The exhaust gas purification catalyst powder thus obtained is made into a slurry, and this slurry is applied to the inner wall surface of the catalyst honeycomb carrier, which is a refractory inorganic carrier, and is actually used in the form of a catalyst coat layer. Provided . Catalytic coat layer may include a plurality of kinds of exhaust gas purifying catalyst according to the present invention. The catalyst coat layer is not limited to a single layer, and may be composed of a plurality of layers having different catalyst component compositions. Further, an underlayer containing no catalyst exists under the catalyst coat layer. It may be. When it consists of multiple layers, it is necessary to provide at least one layer containing the catalyst according to the present invention. When the layer containing the catalyst according to the present invention is present in a plurality of layers, the metal species of the NOx absorbent in each layer may be the same or different.

  Hereinafter, the present invention will be specifically described based on examples.

Exhaust gas purification catalysts of Examples 1 to 8 and Comparative Examples 1 to 8 shown in Table 1 were prepared, and each was applied to the inner wall surface of the honeycomb carrier.
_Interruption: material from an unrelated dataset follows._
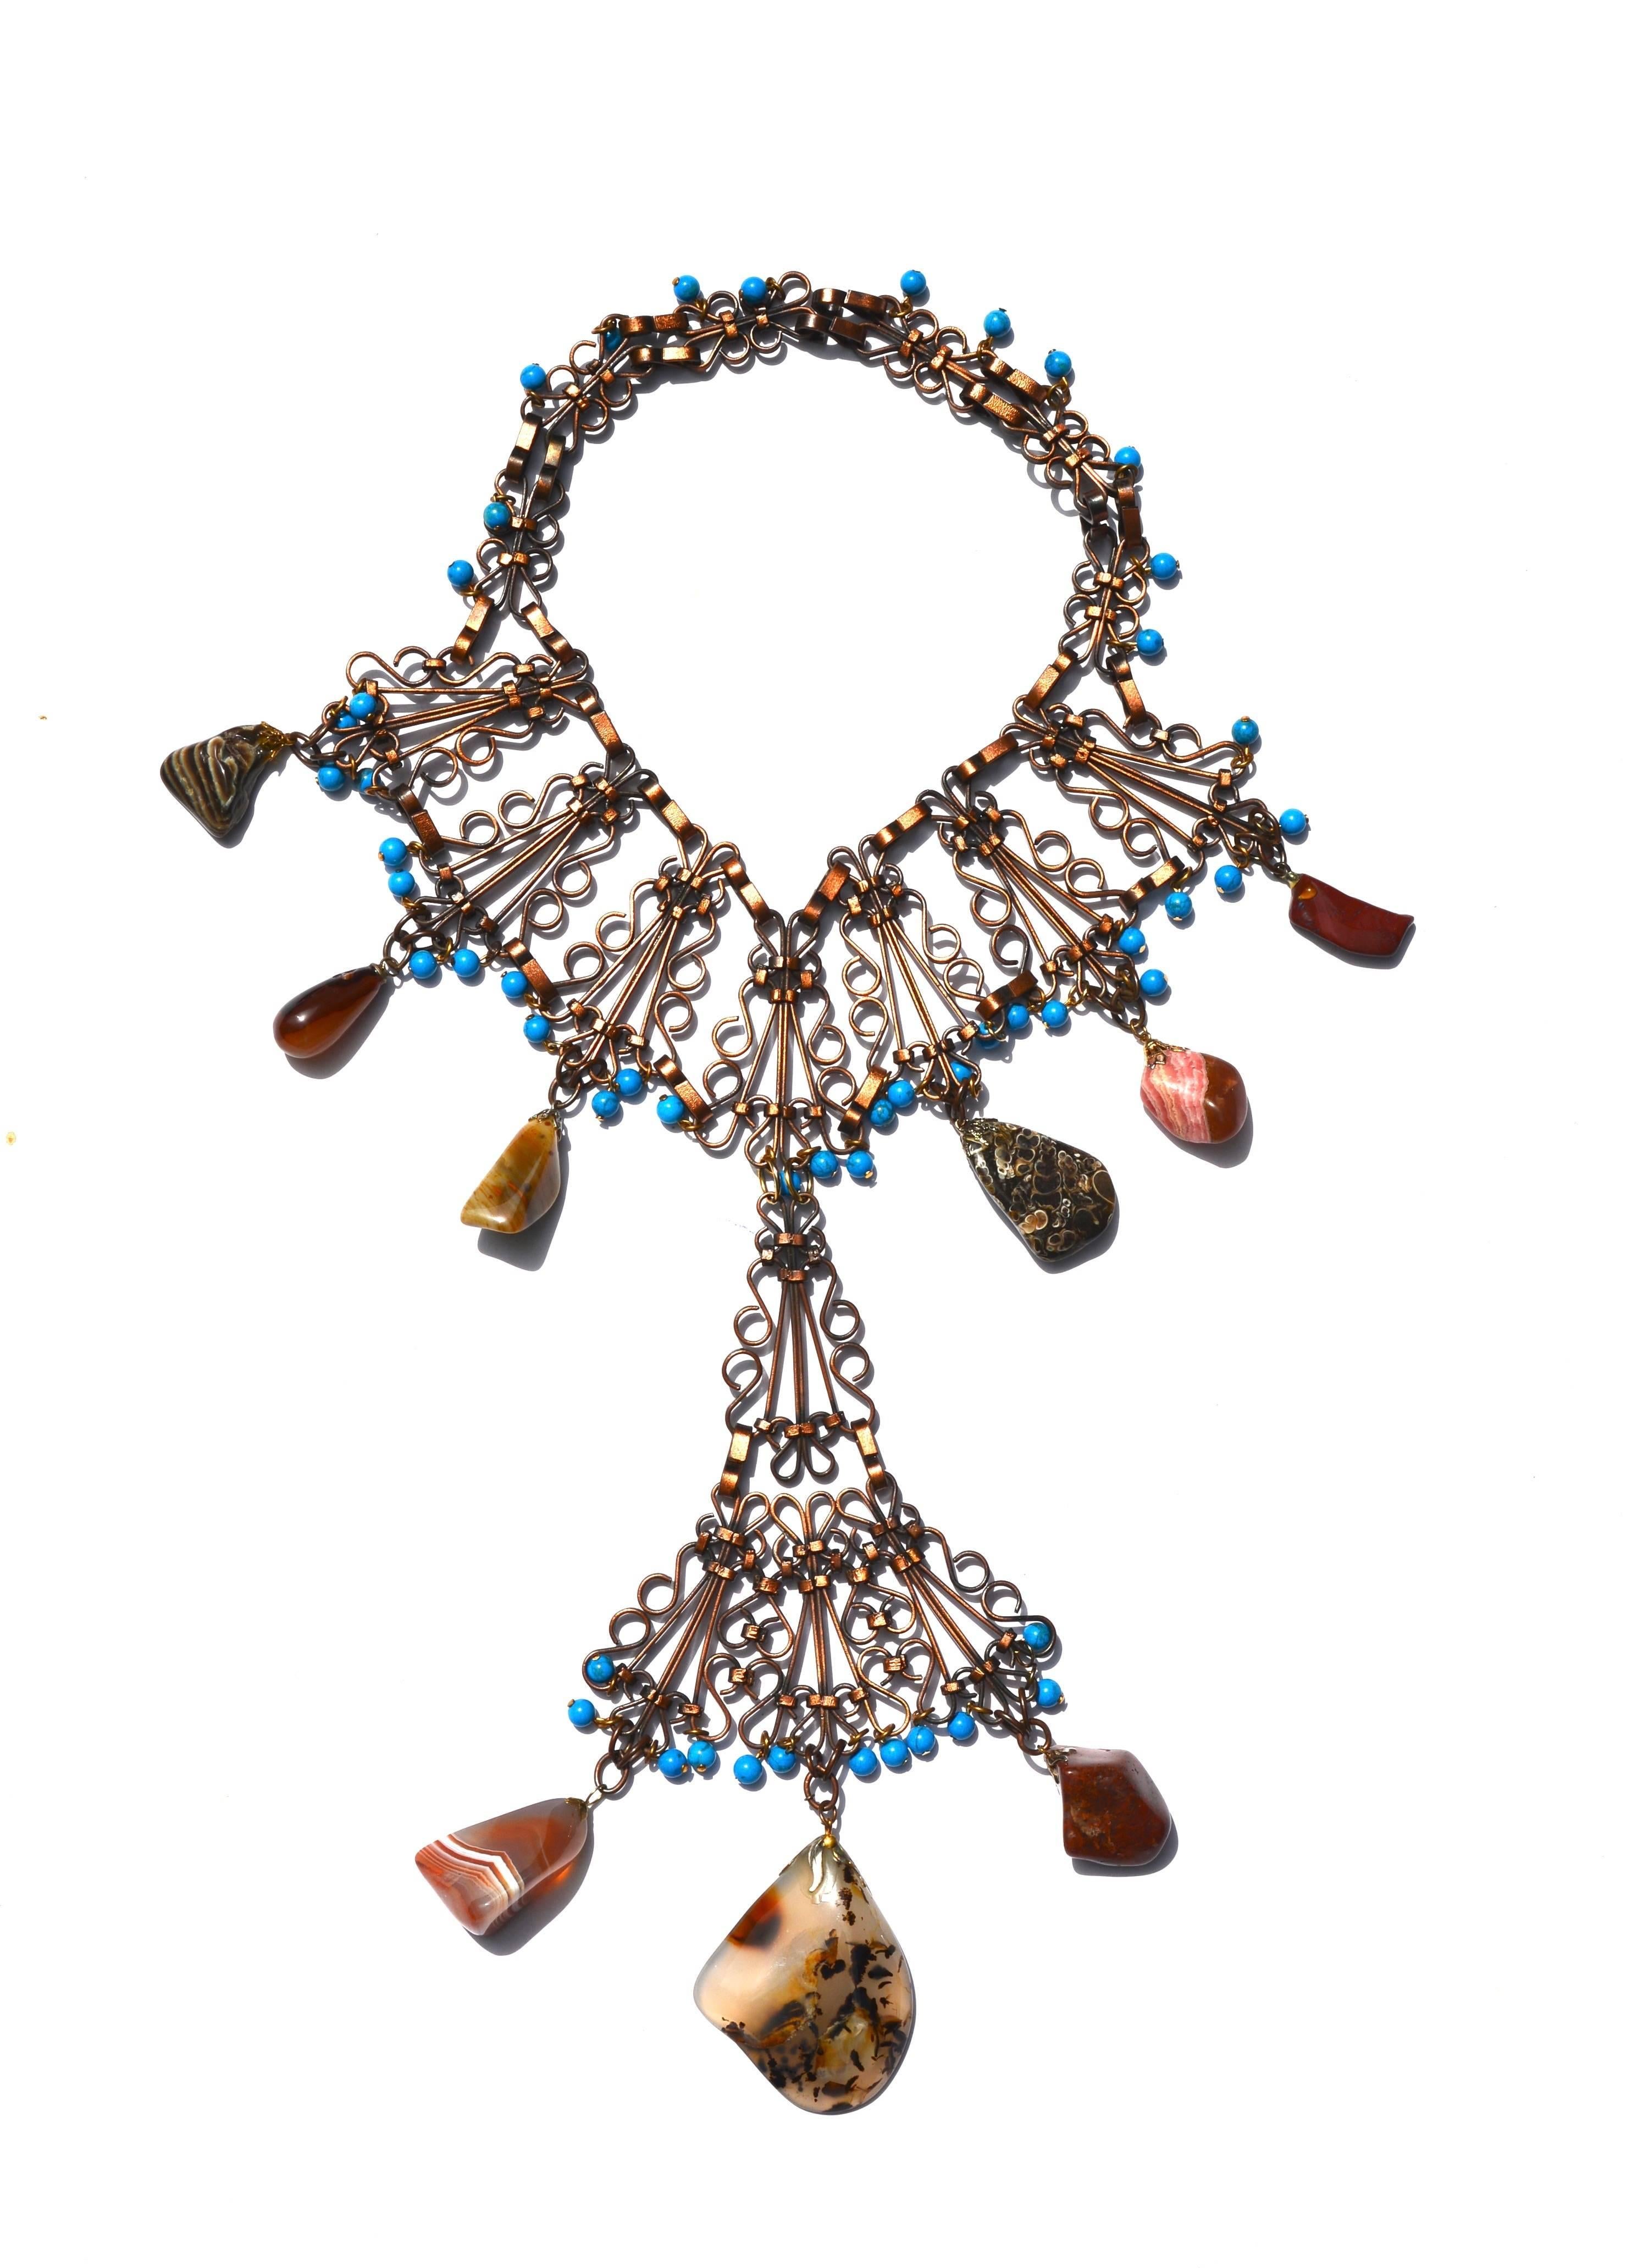 Oversized copper and stone necklace with turquoise glass beads. Unsigned. Larger style. Last image is an ig photo for fun, but it does show the scale of it on! 17

  The catalyst layer was a two-layer coat, the layer close to the space of the through-hole formed in the honeycomb carrier was the surface layer, and the side close to the base of the through-hole was the inner layer. Each Example and Comparative Example shown in Table 1 were produced as follows.

Example 1
Example 1 is an example in which the NOx absorbent contained in the first compound is Ba.

  A Ce-Zr-Ba composite oxide powder was impregnated with a predetermined amount of Pt so that the Pt support concentration was 0.5 wt%. The obtained powder was dried, calcined and pulverized in an air stream at 400 ° C. for 1 hour.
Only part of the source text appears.